I also see this kind of message, every 5-10s in my case. NetworkManager[605]: <info> Activation (em1) Stage 5 of 5 (IPv6 Commit) scheduled... NetworkManager[605]: <info> Activation (em1) Stage 5 of 5 (IPv6 Commit) started... NetworkManager[605]: <error> [1390480120.831917] [platform/nm-linux-platform.c:1127] add_object(): Netlink error: Invalid address for specified address family NetworkManager[605]: :: inet6 dev 2 scope nowhere NetworkManager[605]: valid-lifetime forever preferred-lifetime forever NetworkManager[605]: [54B blob data] NetworkManager[605]: <info> Activation (em1) Stage 5 of 5 (IPv6 Commit) complete. rpm -q NetworkManager NetworkManager-0.9.9.0-26.git20131003.fc20.x86_64
(In reply to hansvon from comment #21) > I also see this kind of message, every 5-10s in my case. > > NetworkManager[605]: <info> Activation (em1) Stage 5 of 5 (IPv6 Commit) > scheduled... > NetworkManager[605]: <info> Activation (em1) Stage 5 of 5 (IPv6 Commit) > started... > NetworkManager[605]: <error> [1390480120.831917] > [platform/nm-linux-platform.c:1127] add_object(): Netlink error: Invalid > address for specified address family > NetworkManager[605]: :: inet6 dev 2 scope nowhere > NetworkManager[605]: valid-lifetime forever preferred-lifetime forever > NetworkManager[605]: [54B blob data] > NetworkManager[605]: <info> Activation (em1) Stage 5 of 5 (IPv6 Commit) > complete. > > > rpm -q NetworkManager > NetworkManager-0.9.9.0-26.git20131003.fc20.x86_64 This should be covered by bug 1048046 and is fixed upstream.
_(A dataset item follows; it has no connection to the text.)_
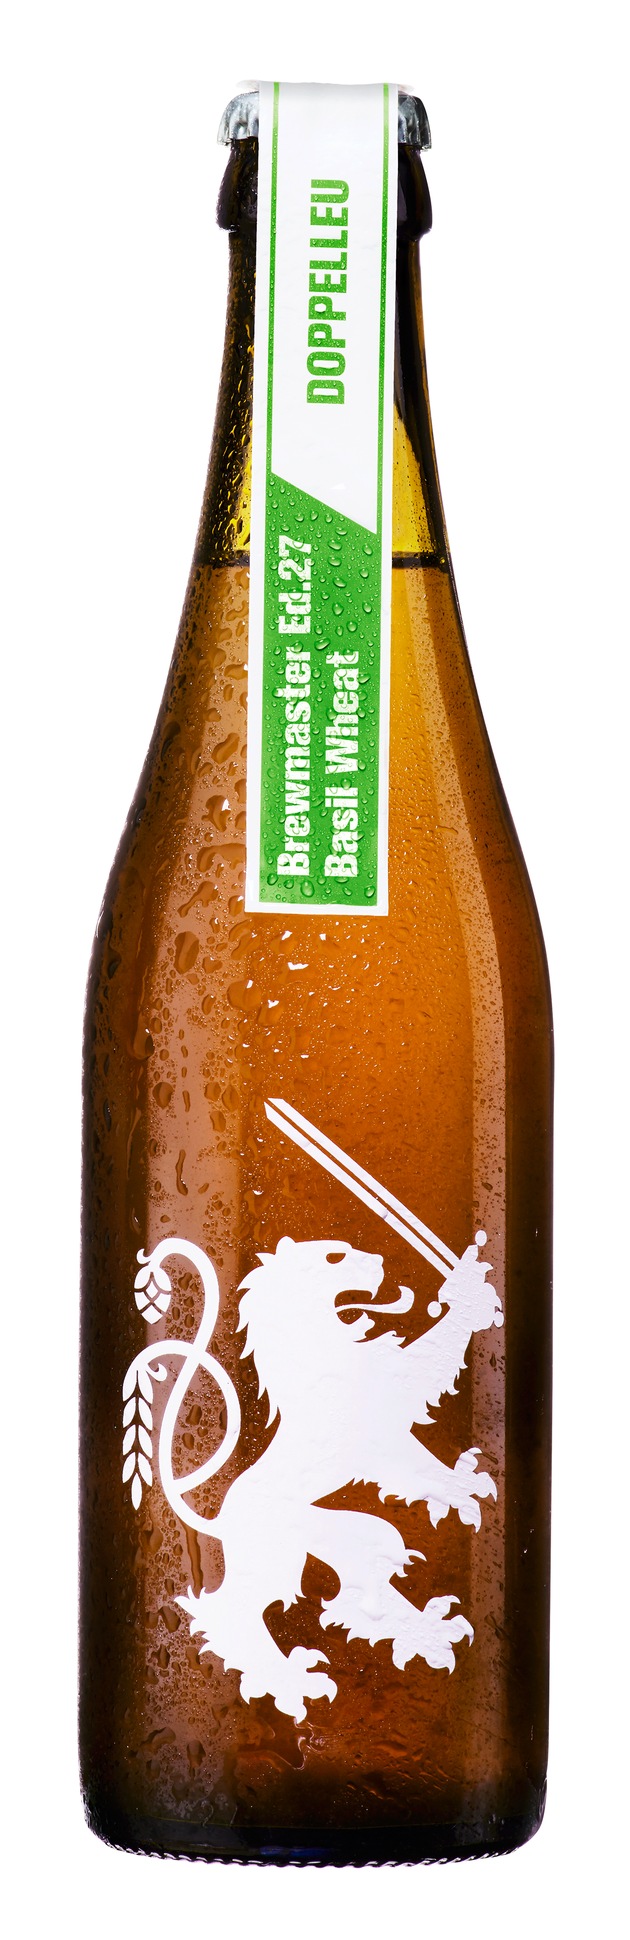 Frühlingsfrische in der Flasche: Doppelleu Brewmaster Limited Ed. 27 Basil Wheat mit frisch gepflücktem Basilikum.
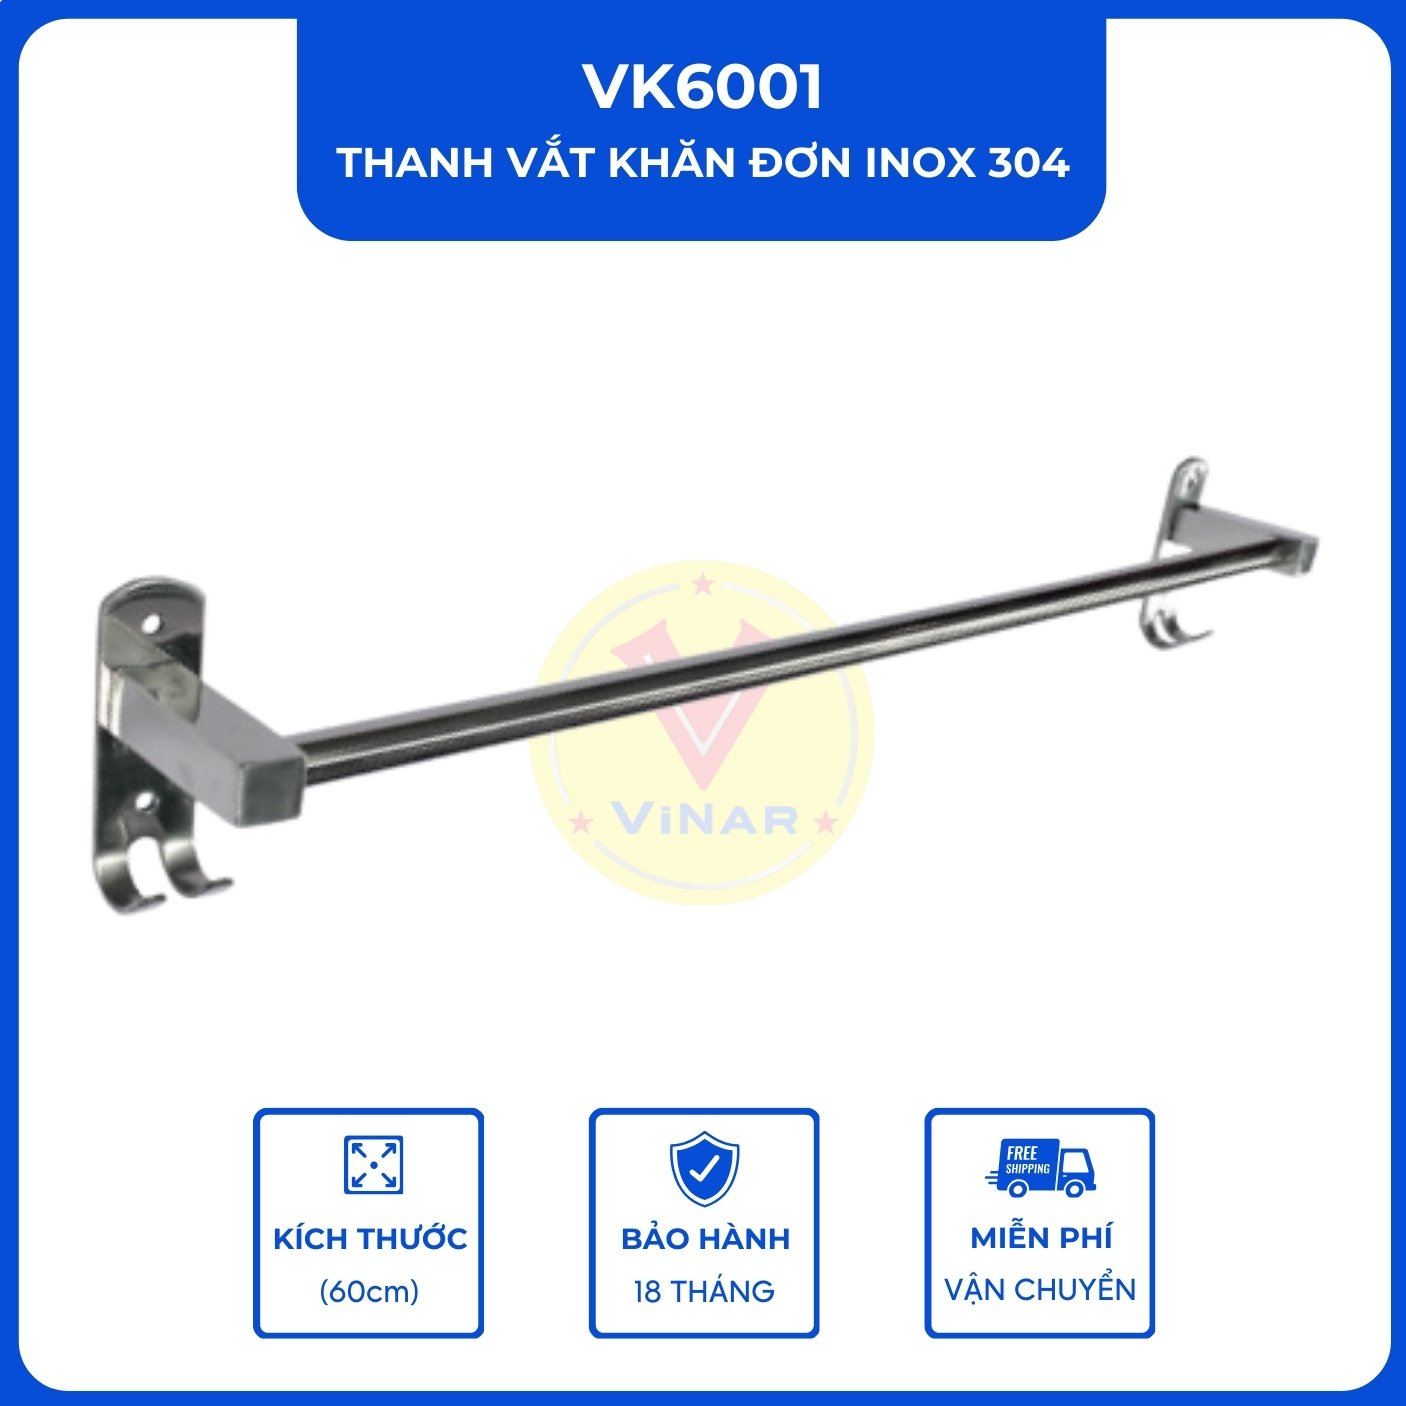 thanh-vat-khan-don-inox-304-VK6001

Thank you, I confirm, the patch fixes the "Netlink" error. For now, I also commented the "nm_log_info" calls to get rid of the three "Stage 5 of 5 (IPv6 Commit)" messages.
(In reply to hansvon from comment #23) > Thank you, I confirm, the patch fixes the "Netlink" error. For now, I also > commented the "nm_log_info" calls to get rid of the three "Stage 5 of 5 > (IPv6 Commit)" messages. Those "Stage 5 of 5" messages are also now suppressed upstream and should make it to an F20 build at some point here.
NetworkManager-0.9.9.0-27.git20131003.fc20 has been submitted as an update for Fedora 20. https://admin.fedoraproject.org/updates/NetworkManager-0.9.9.0-27.git20131003.fc20
NetworkManager-0.9.9.0-27.git20131003.fc20 has been pushed to the Fedora 20 stable repository. If problems still persist, please make note of it in this bug report.
(In reply to Dan Williams from comment #24) > Those "Stage 5 of 5" messages are also now suppressed upstream and should > make it to an F20 build at some point here. I can confirm this with NetworkManager-0.9.9.0-27.git20131003.fc20.x86_64 Thanks.